We can also write to a file using the .write() method

In [14]:
with open('test.txt', 'w') as fp:
    fp.write('Testing!') 

Or, we can use the print() function, but redirect the output to the file by passing fp to the print()'s file argument

In [15]:
with open('test.txt', 'w') as fp:
    print('Testing!',file=fp)

In the above example, we passed a 'w' to the open() function after the filename. This will create a file 'test.txt', and allow us to write to it. But, if the file test.txt already exists, it will overwrite it permanently. 

If we want to append to teh end of the file, we will want to pass in an 'a' for append.

In [16]:
with open('test.txt', 'a') as fp:
    print('Appending!',file=fp)

And, not let's take a look at our work:

In [20]:
with open('test.txt', 'r') as fp:
    alltext = fp.read()
    print(alltext)
    print(type(alltext))

Testing!
Appending!

<class 'str'>


There are also methods to readline() one at a time, or to .readlines() all at once.
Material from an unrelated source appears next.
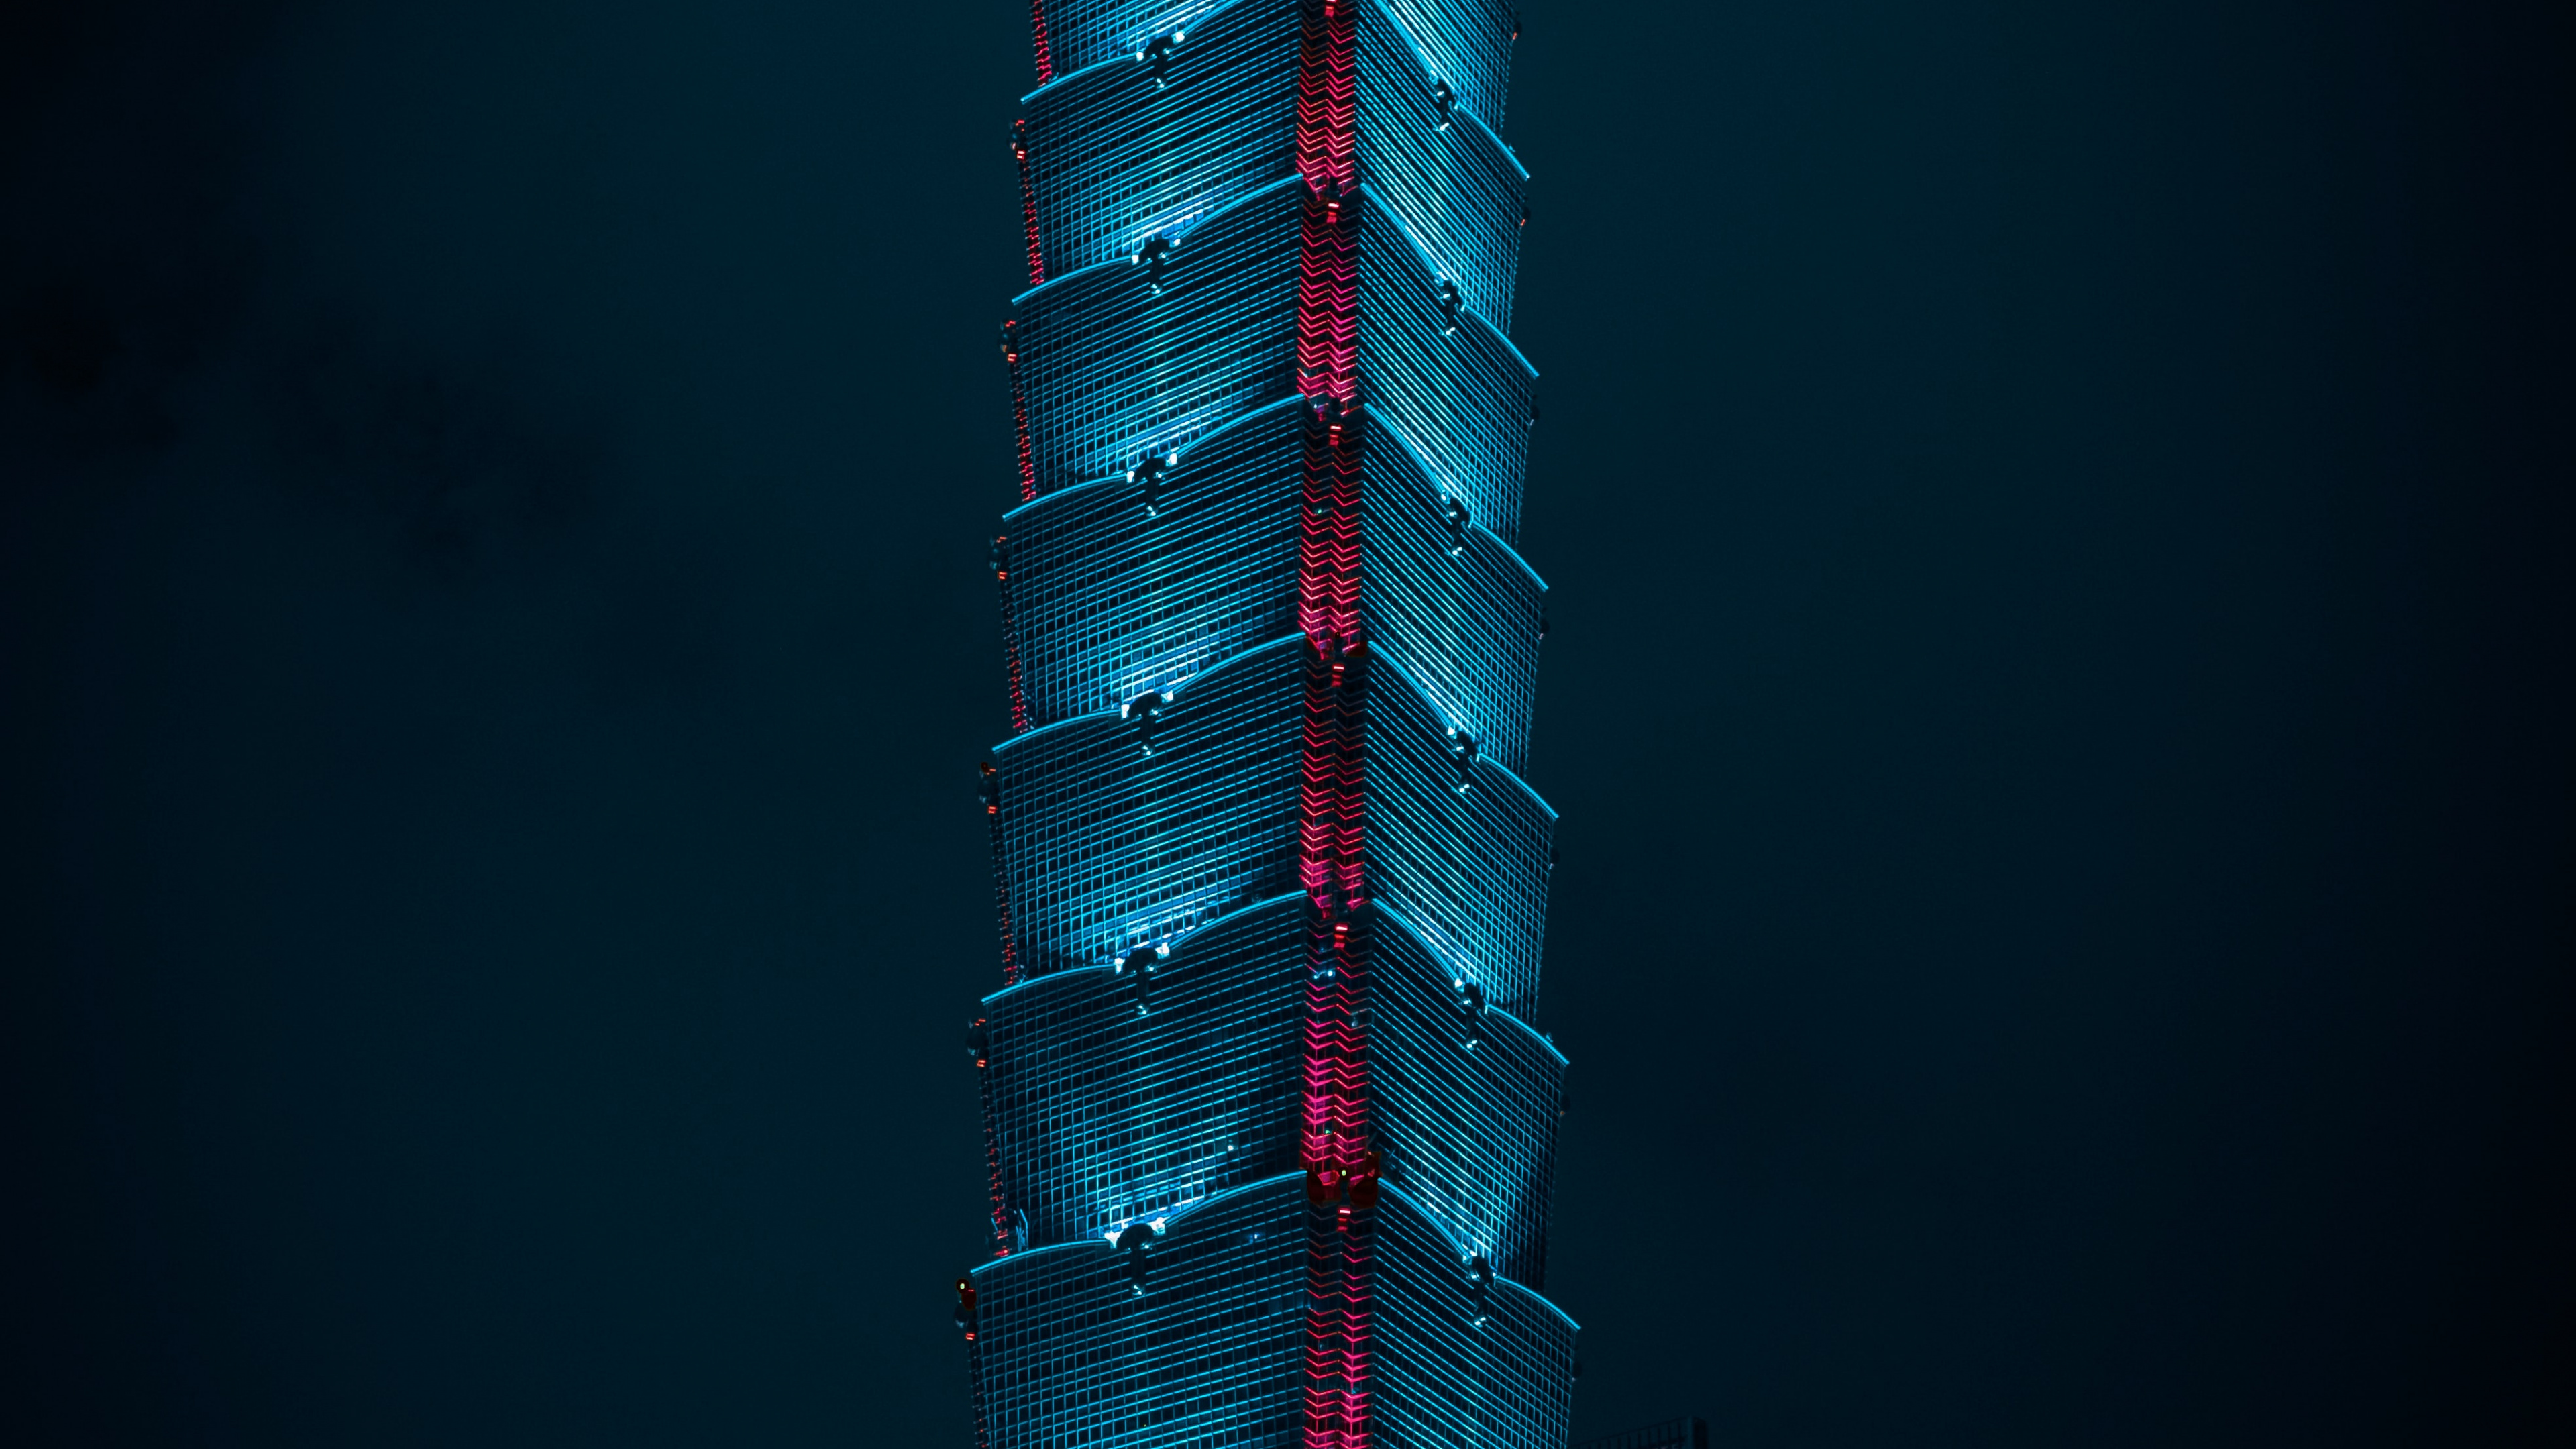 Observatorium Taipei 101, Wolkenkratzer, Gebäude, Tower, Taipei 101. Wallpaper in 3840x2160 Resolution
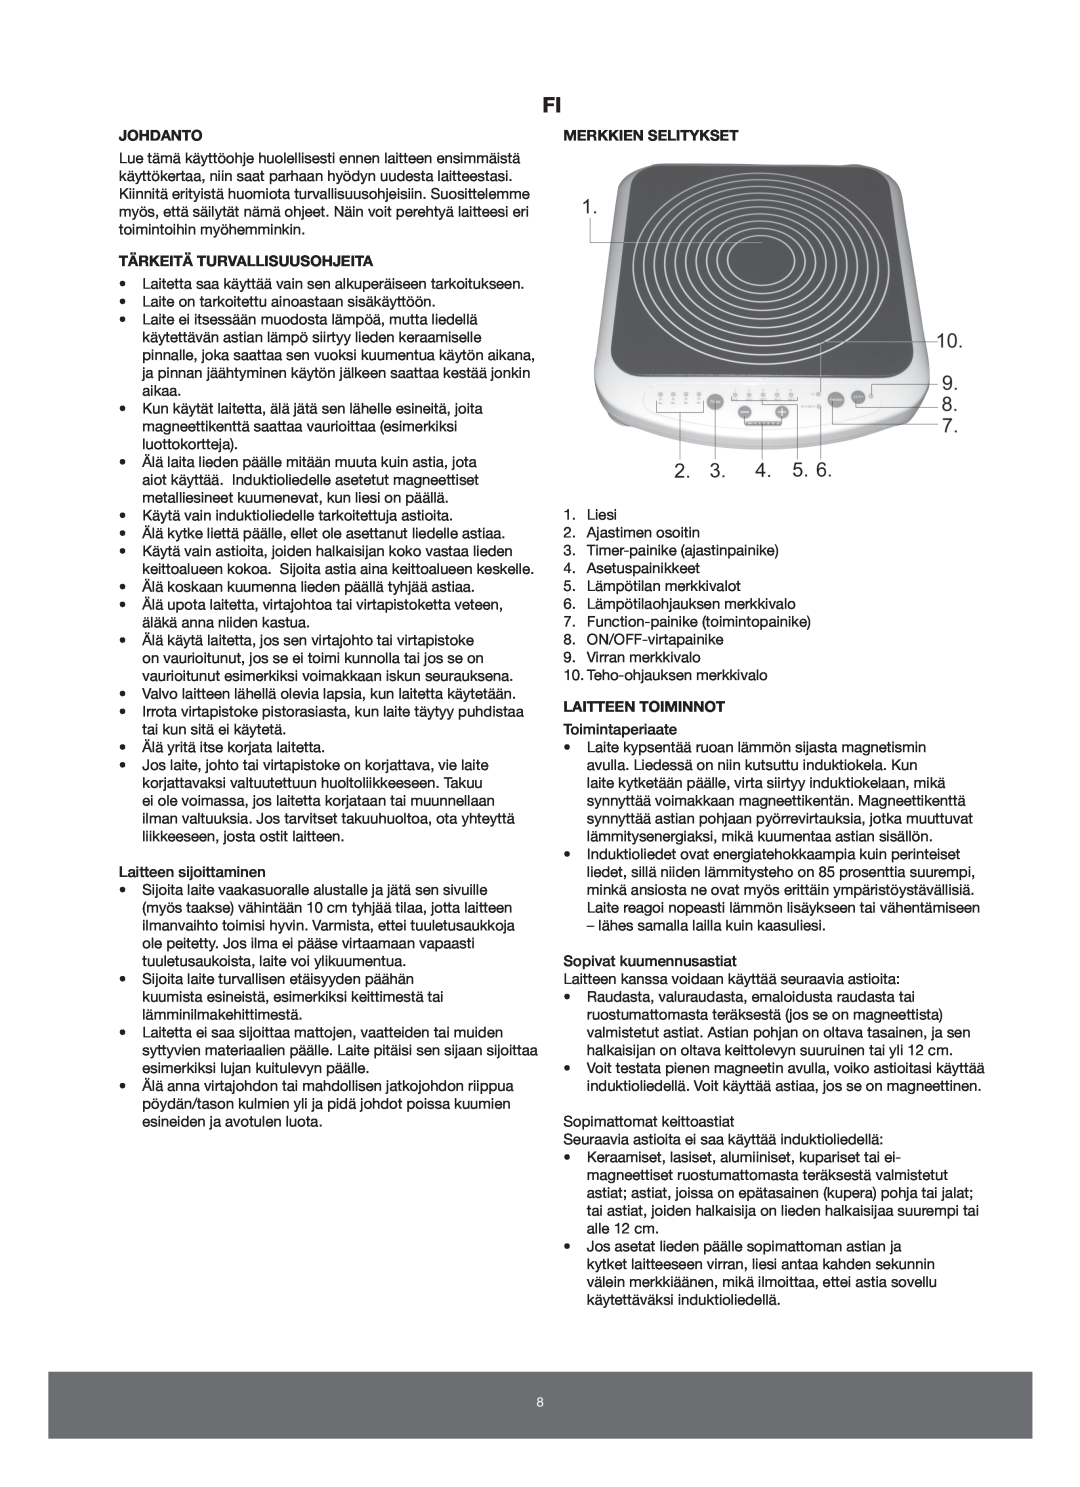 Melissa 650-005 manual Johdanto, Tärkeitä Turvallisuusohjeita, Merkkien Selitykset, Laitteen Toiminnot

This last one might be helpful for an upcoming homework assignment, so we'll show it here:

In [22]:
with open('test.txt', 'r') as fp:
    alltext = fp.readlines()
    print(alltext)
    print(type(alltext))

['Testing!\n', 'Appending!\n']
<class 'list'>


One final note: you'll see the variable name 'fp' used in a lot of examples throughout Google, on StackOverflow, and in textbooks. This is short for "file pointer," as fp "points" to the file that we opened with open(). You don't need to remember this, but it's a neat throwback to C/C++, and other languages that use pointer objects everywhere.